Strategy for Failure

The nomination of now “Justice Kavanaugh” was a fiasco, but it highlights a great strategy for winning. Keep your opponent so busy defending themselves that they don’t have the time, energy or focus to win. This strategy is used in sports, debates and politics. Are we as Christians willing victims of this strategy?
Obviously, not everything should be a competition with winners and losers, but where there is competition, this is a great strategy. Saul Alinsky famously integrated this strategy into at least six of his 13 “rules for radicals.” In the words of another writer, “If you're spending all of your time refuting the charges that you're extreme, racist, hate women, and despise the poor -- you're losing.

Though I could discuss how this strategy can be used both morally and immorally (Alinsky wrongly advocated that ends justify any means), that is not my point. My point is that it can be a good strategy and that Christians may be totally unaware that we may be losing an important competition as we follow myriads of distractions. Kavinaugh nearly lost his nomination due to “allegations.” Others have lost with similar accusations. In time sensitive political “competitions,” one side can keep their opponent so busy defending themselves, that the opponent never has time to carry out their planned election agenda.

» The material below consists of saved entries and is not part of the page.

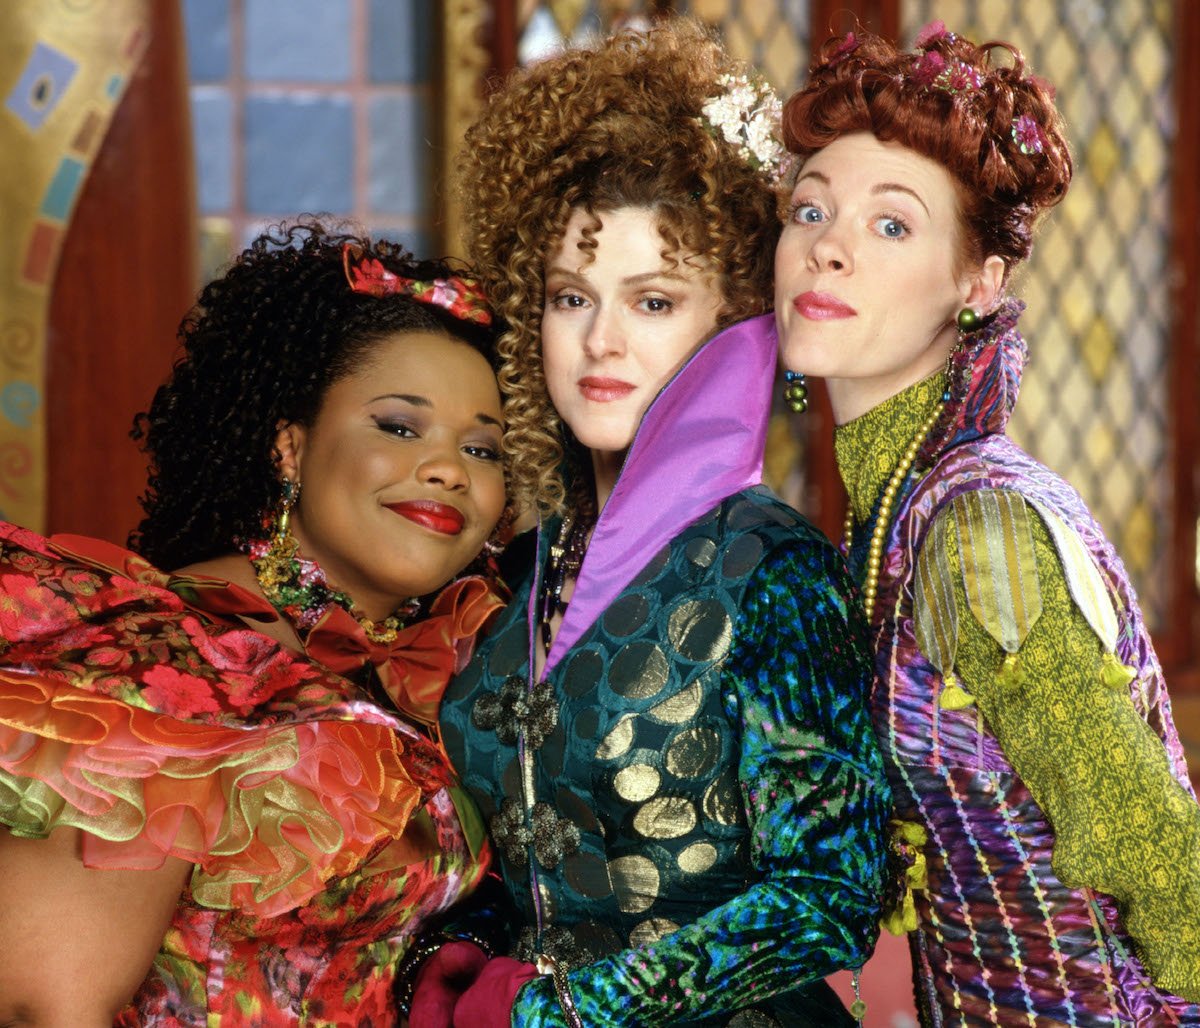 Natalie Desselle-Reid as Minerva, Bernadette Peters as the Evil Stepmother, and Veanne Cox as Calliope (L-R) in 'Rodgers and Hammerstein's Cinderella' on ABC, 1997 | Disney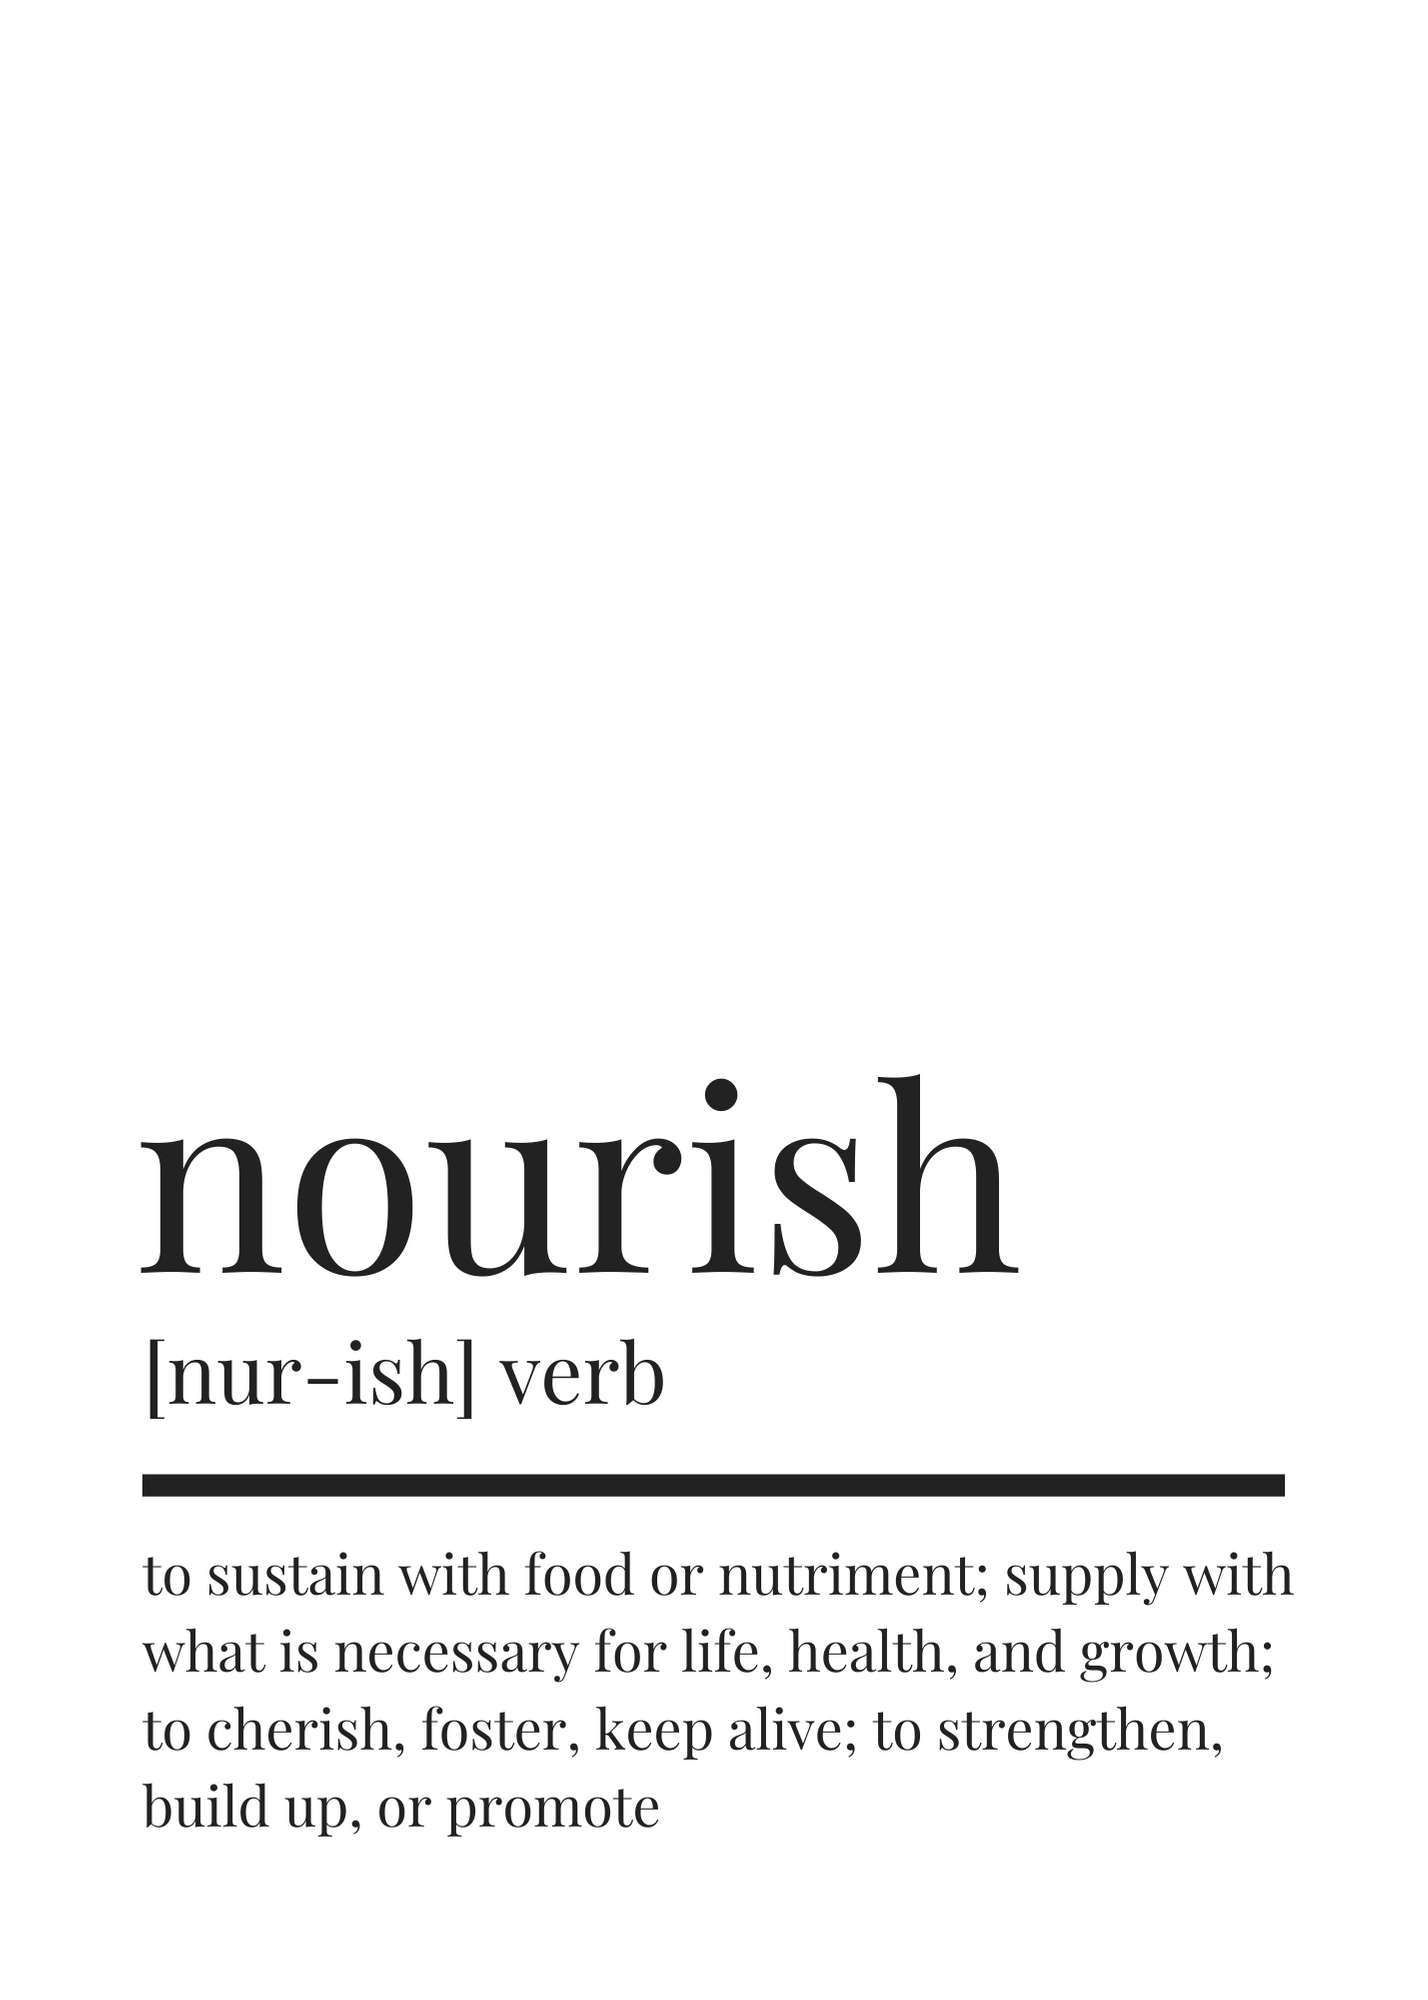 definition of the word nourish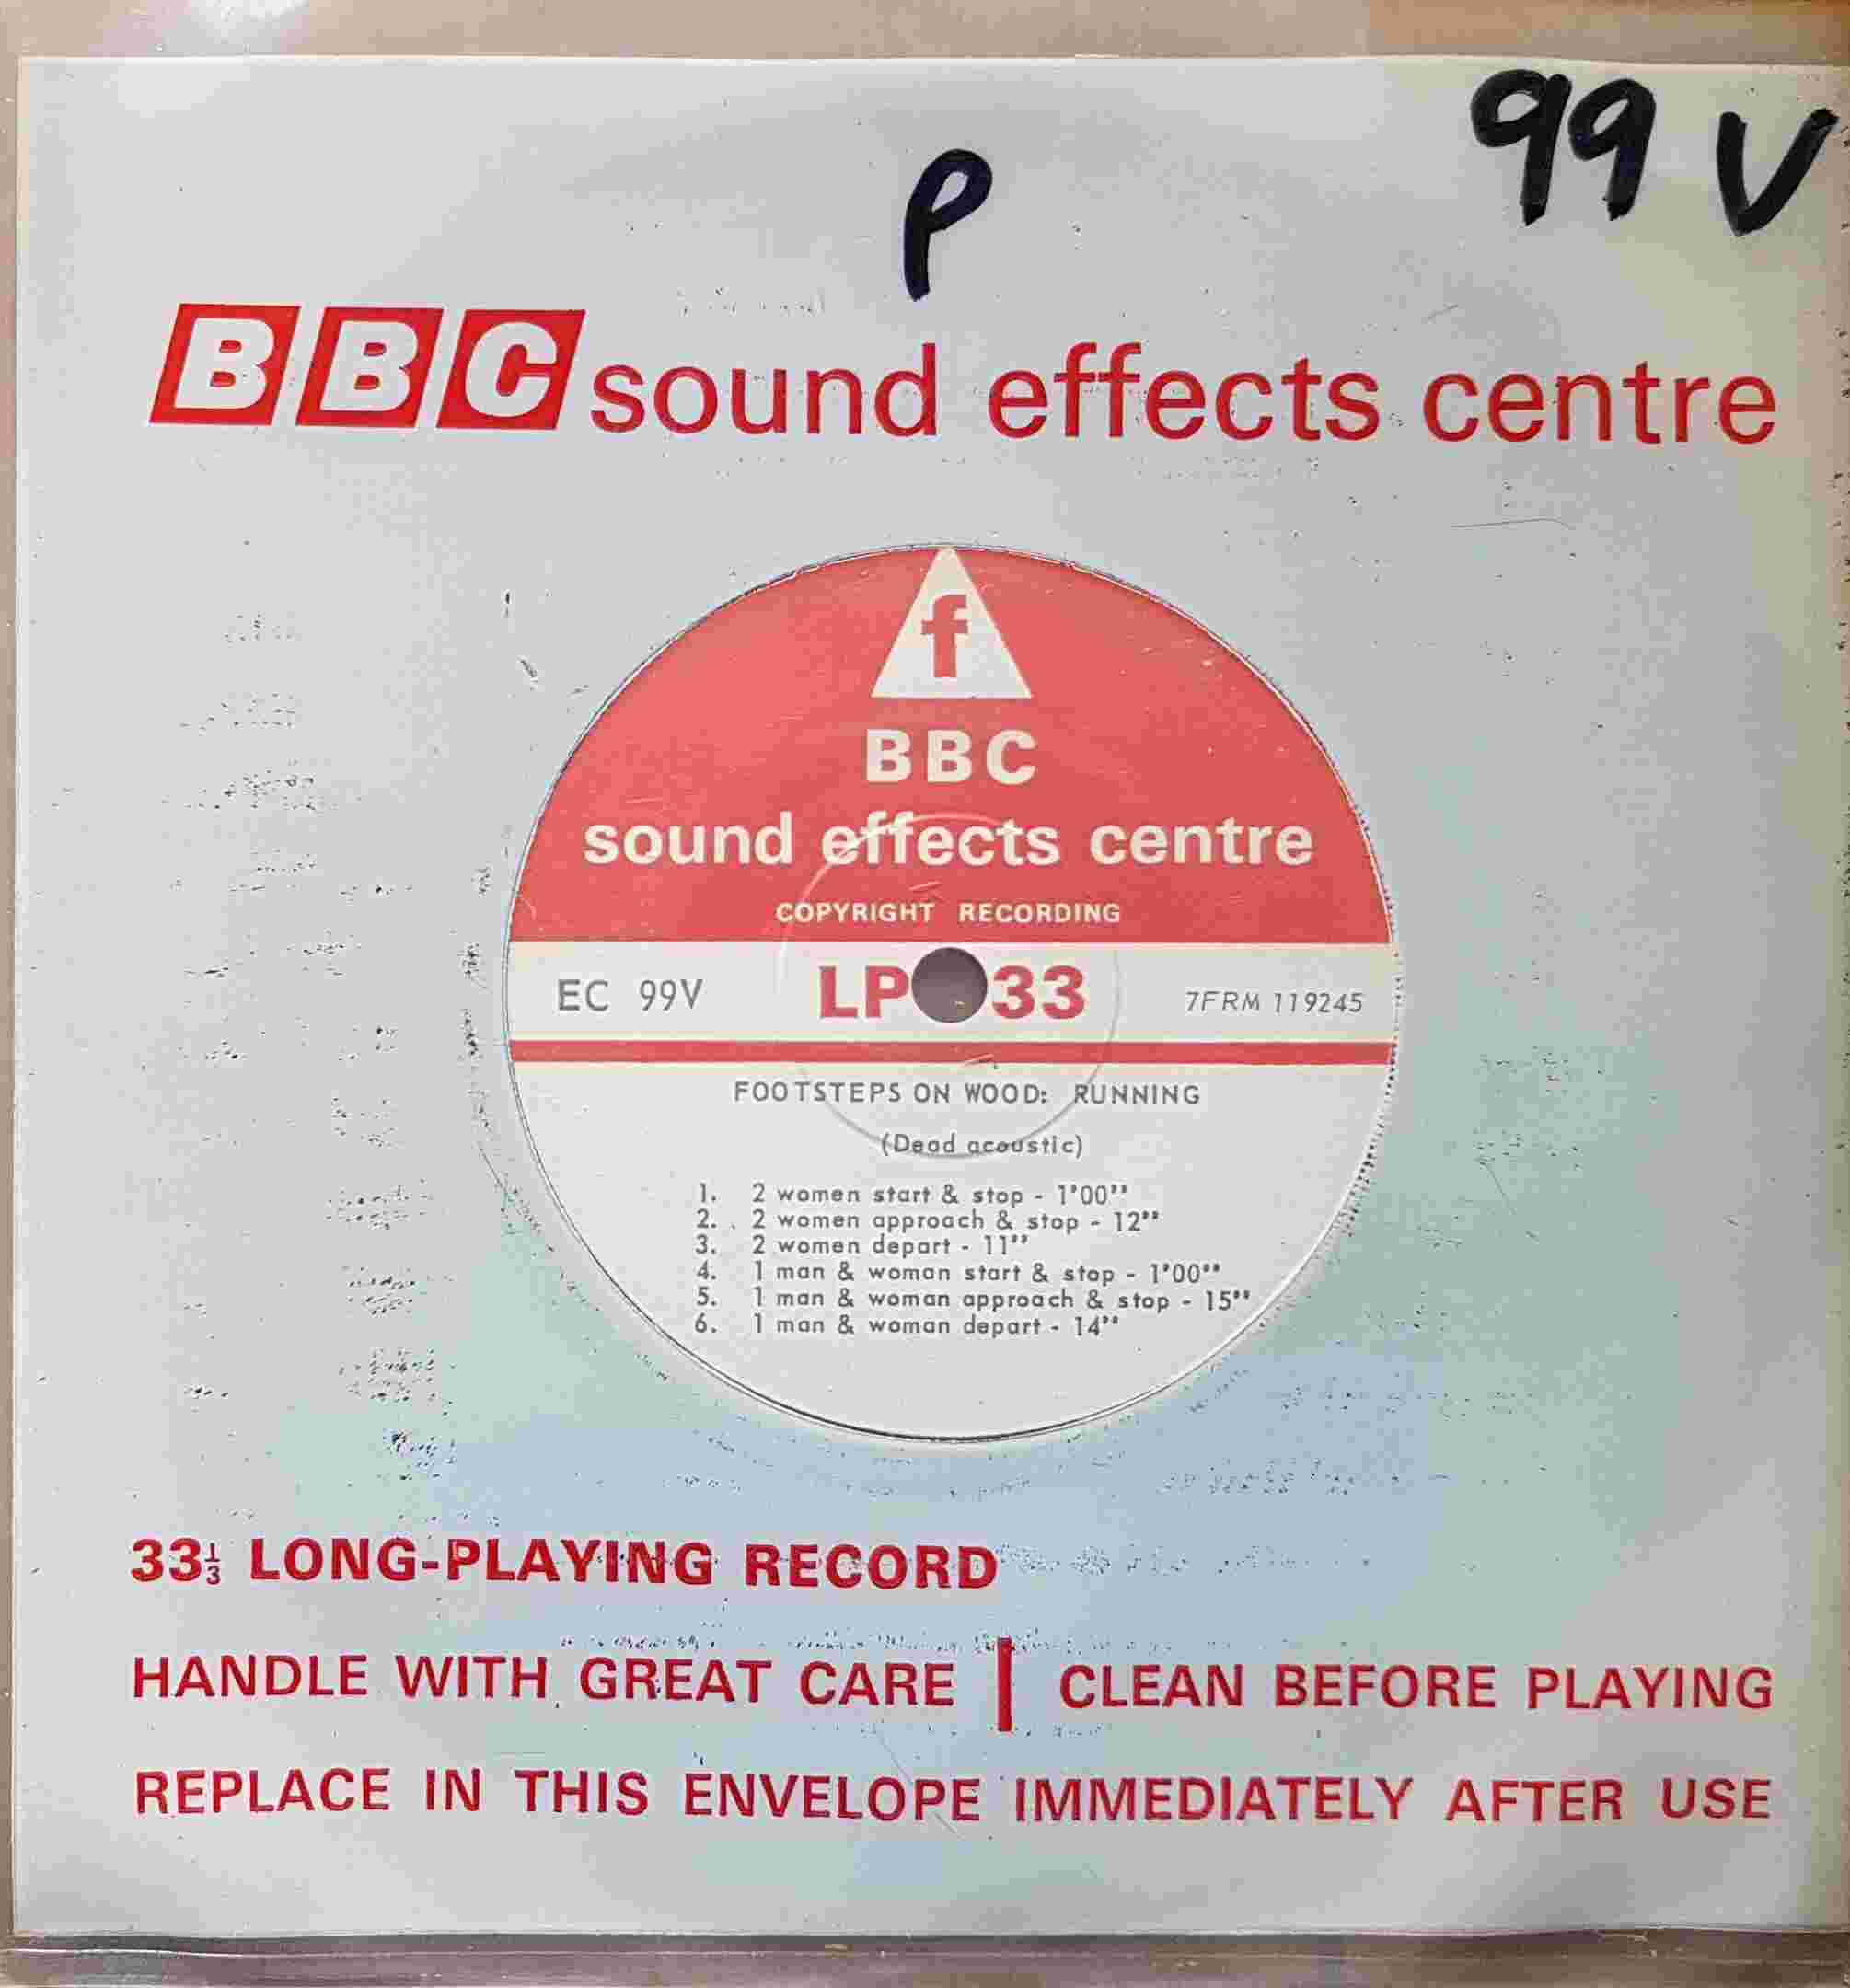 Picture of EC 99V Footsteps on wood: Running (Dead accoustic) by artist Not registered from the BBC singles - Records and Tapes library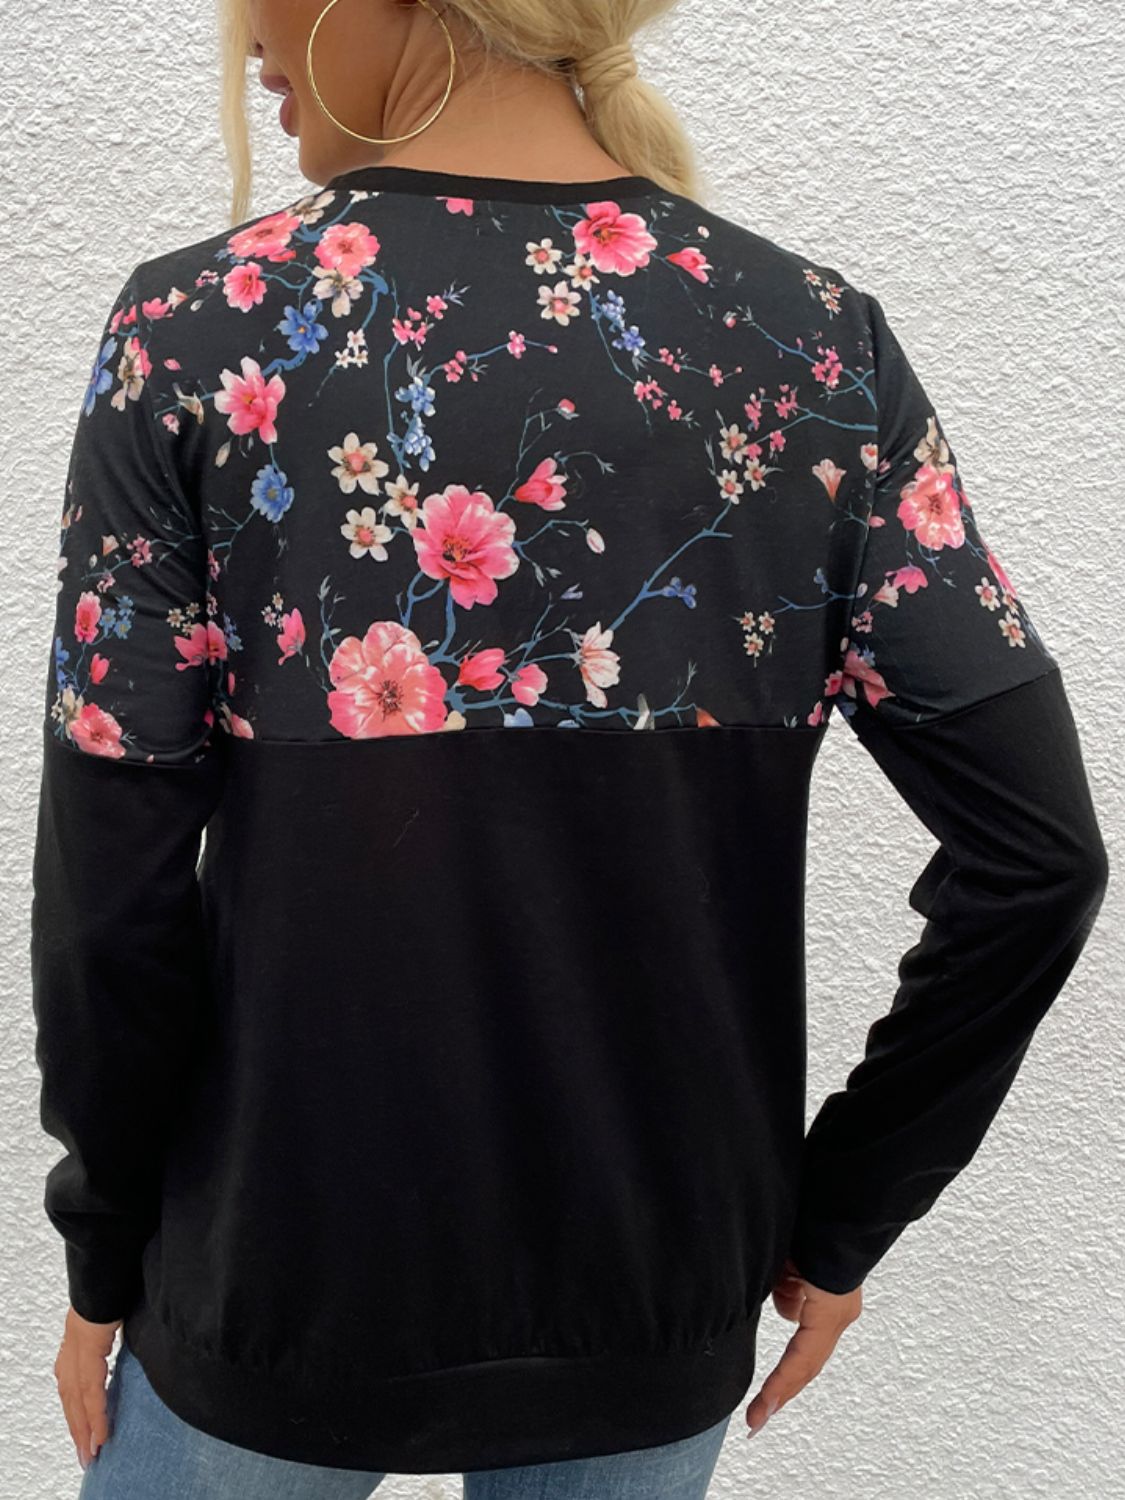 Women’s Floral Print Round Neck Dropped Shoulder Tee

Politicians as well as athletic teams should be prepared for the offense they know is coming. But what about the Grand Competition for the hearts and souls of the world? What if the Body of Christ forgets that “it” is a key player in this most important battle of all history? These thoughts came to my mind as I looked at a flyer for Christian books and videos. They were overwhelmingly focused towards personal discipleship. I thought, “We are so busy keeping up on our personal spiritual growth that we have little time or energy to engage the outward spiritual battles around us.

My son is on a high school football team. Both he and his coach know he has many weaknesses related to the game. He spends time training to gain strength and strategy, but the goal is to be effective in the GAME - in fact, I guarantee that my son would only practice half-heartedly if there were no games. So, practice is needed, but it is for a real purpose.

Further, in spite of my son’s imperfections, the coach plays him in games according to his abilities. In fact, without imperfect players willing to play,
every game would be forfeited to the opponent.

So it is with us. I think Satan is glad to see us preoccupied with “spiritual growth” if it keeps us from our calling. God cares deeply about discipleship and sanctification, but they are not merely to make us “buff,” they are to make us valuable members of a winning team. We “work-out” daily so as to more deeply and effectively love God and love our neighbor.

Take a moment and view God as a coach. Are you one of His players or are you merely a fan who works out?